Many foods that can be boiled – potatoes, carrots, broccoli and so on – can be steamed instead but is there a good reason to do so?
Food doesn’t cook that much faster in a steamer but it doesn’t need anything like as much water so it certainly uses a little less energy – and the liquid that remains after cooking is far more concentrated, making it an ideal base for gravy and stocks.
Another benefit is that vegetables generally hold on to a lot more of their nutrients when steamed; sitting in boiling water means a great deal of the natural salts and other minerals transfer into the water and are mostly tipped down the sink. Steam them and far more stay in the food item. This is usually noticeable in the flavour (providing you don’t over-cook them!) and means you’re getting more of the goodness from the food.

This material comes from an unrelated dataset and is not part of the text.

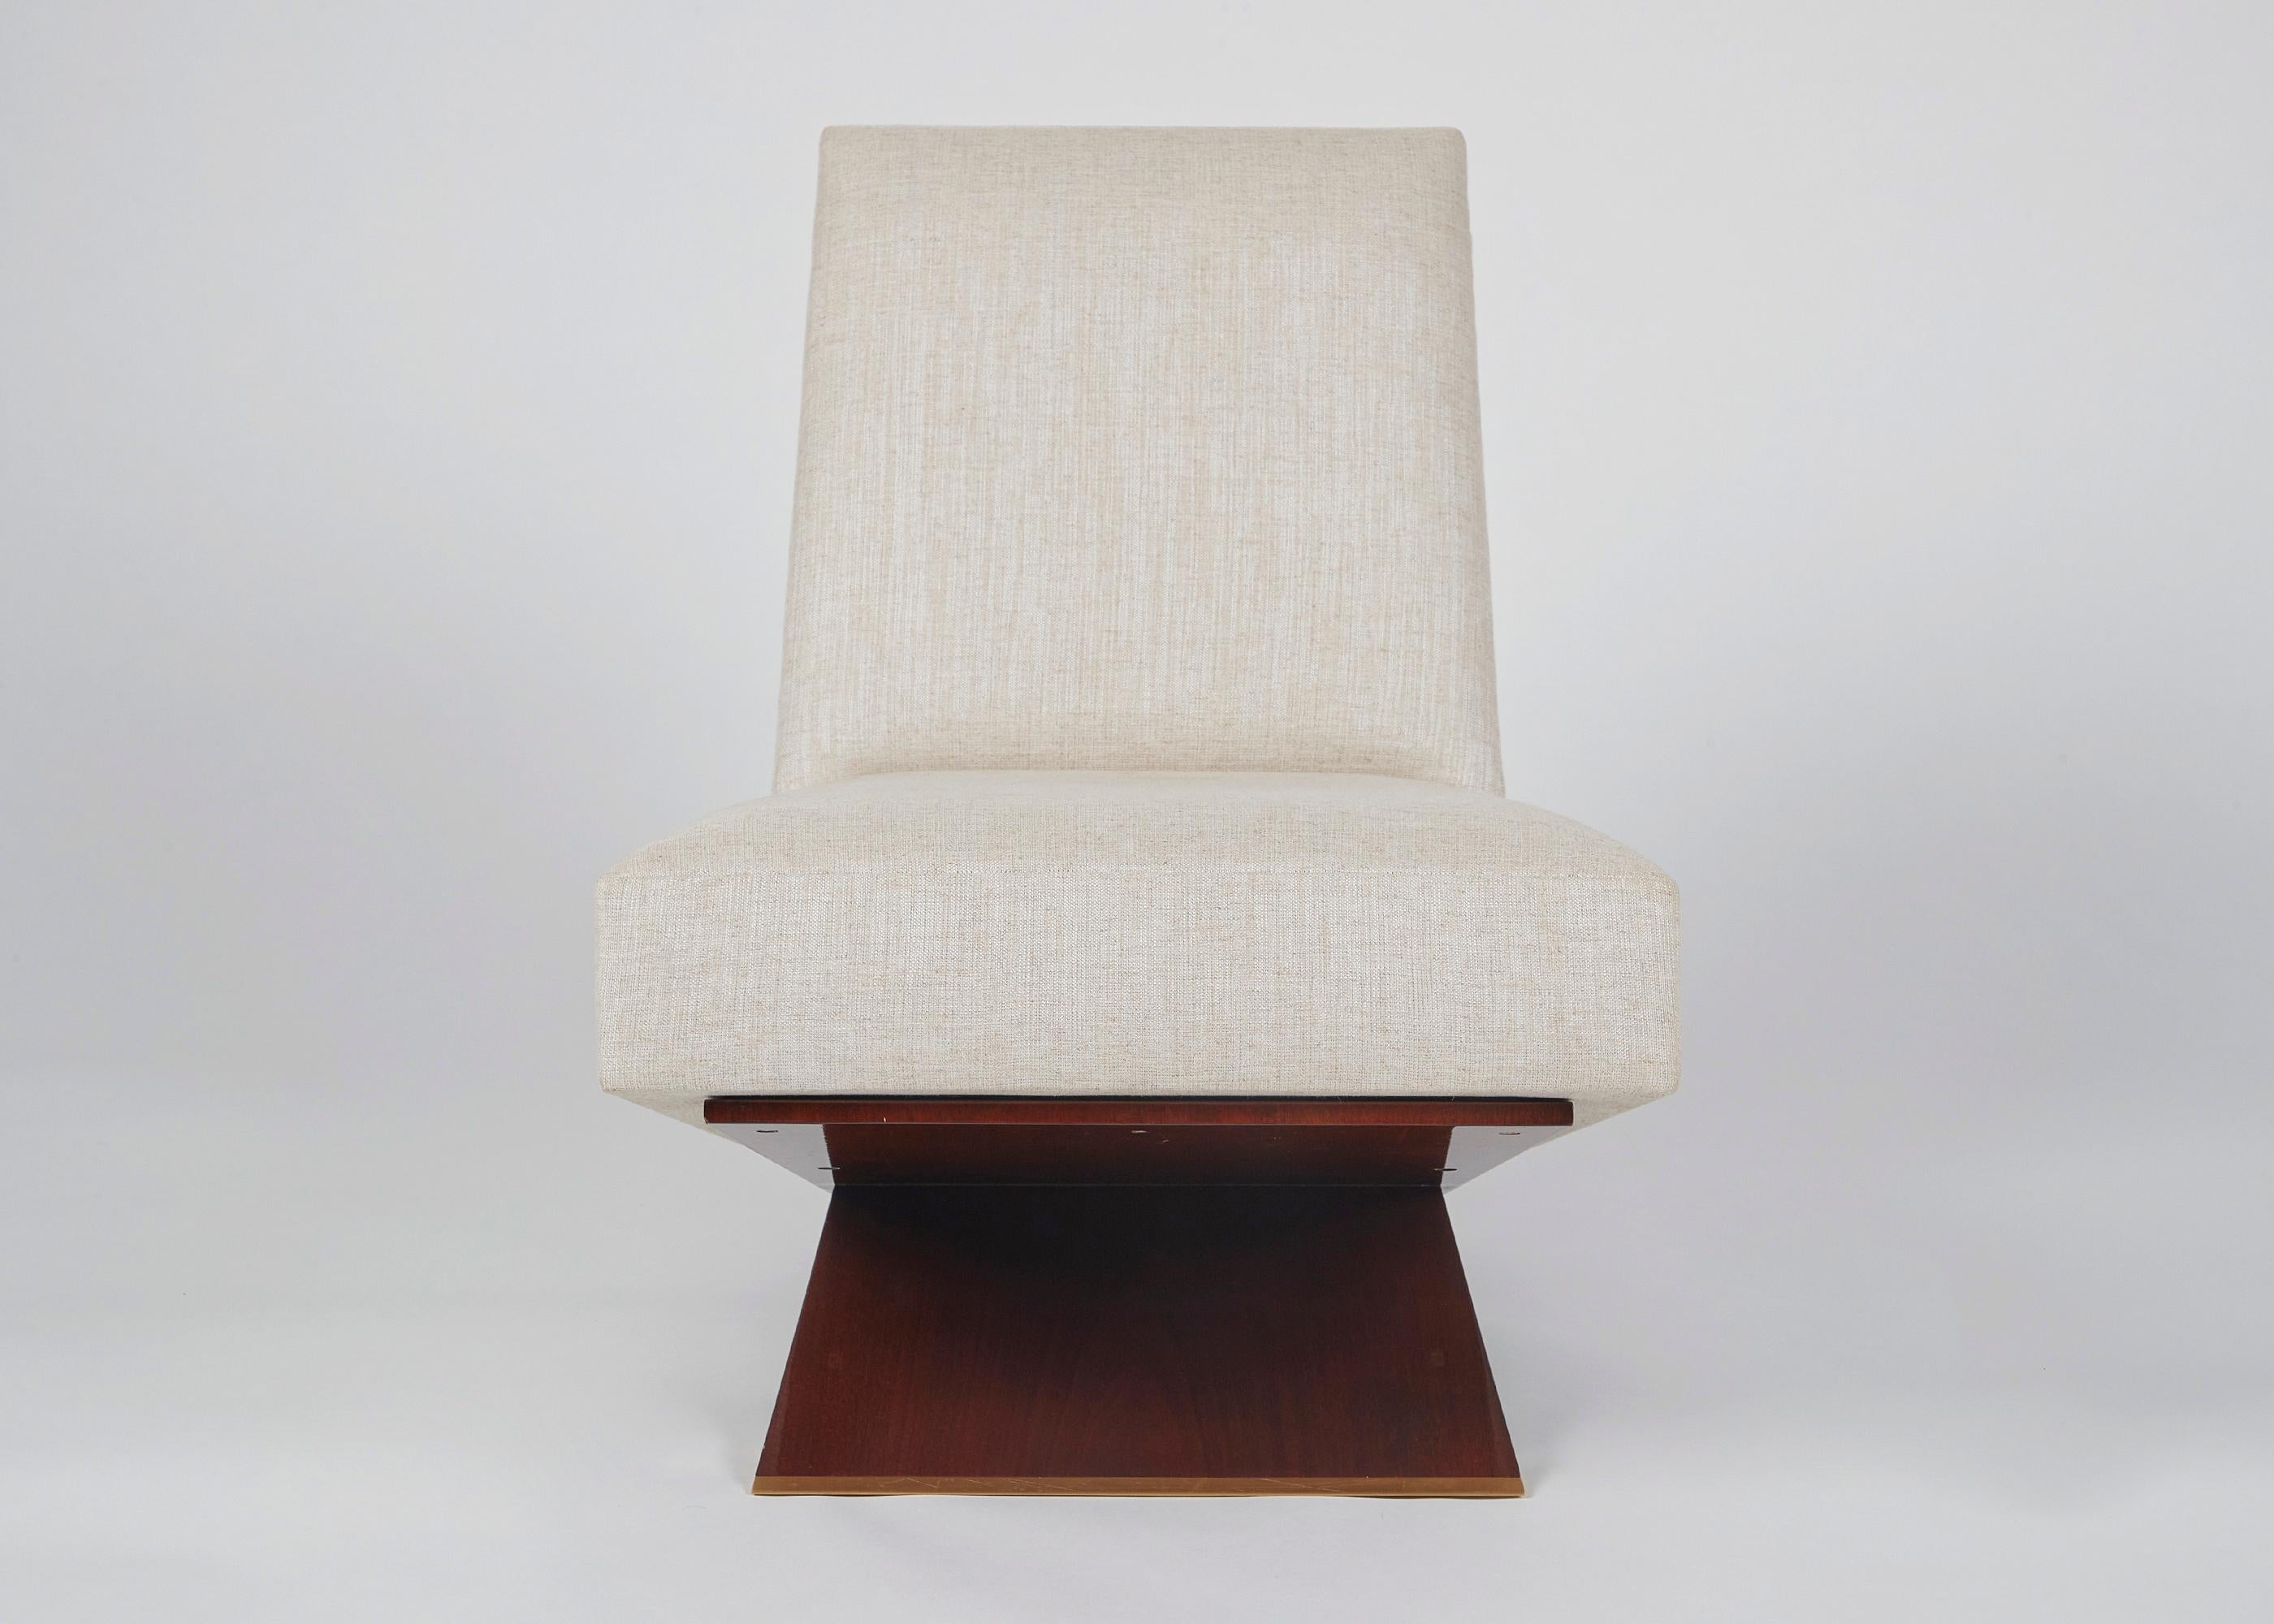 Equipoise, der visuell auffällige Loungesessel von Thomas Pheasant, besitzt das elegante Gleichgewicht, das sein Name suggeriert. Er ruht auf drei perfekt platzierten Ebenen aus poliertem Holz, die sich kreuzen, um die bequeme Sitzfläche und

Fish is an excellent ‘steamer’ food; a delicately cooked piece of Salmon is hard to beat and Cod will retain more flavour (also, because it cooks undisturbed by stirring or bubbles, it generally comes out looking better). Vegetables, definitely. We’d pass up the chance to steam pasta though: for some things, boiling water is still king!
As an aside, one of the reasons water used for boiling food usually needs to be salted is that this brings the water’s salt content up to match that of the food being cooked, preventing so much salt from leaching out into the water. By steaming things, less of the natural salt leaves the food and so we don’t need any add any to the water.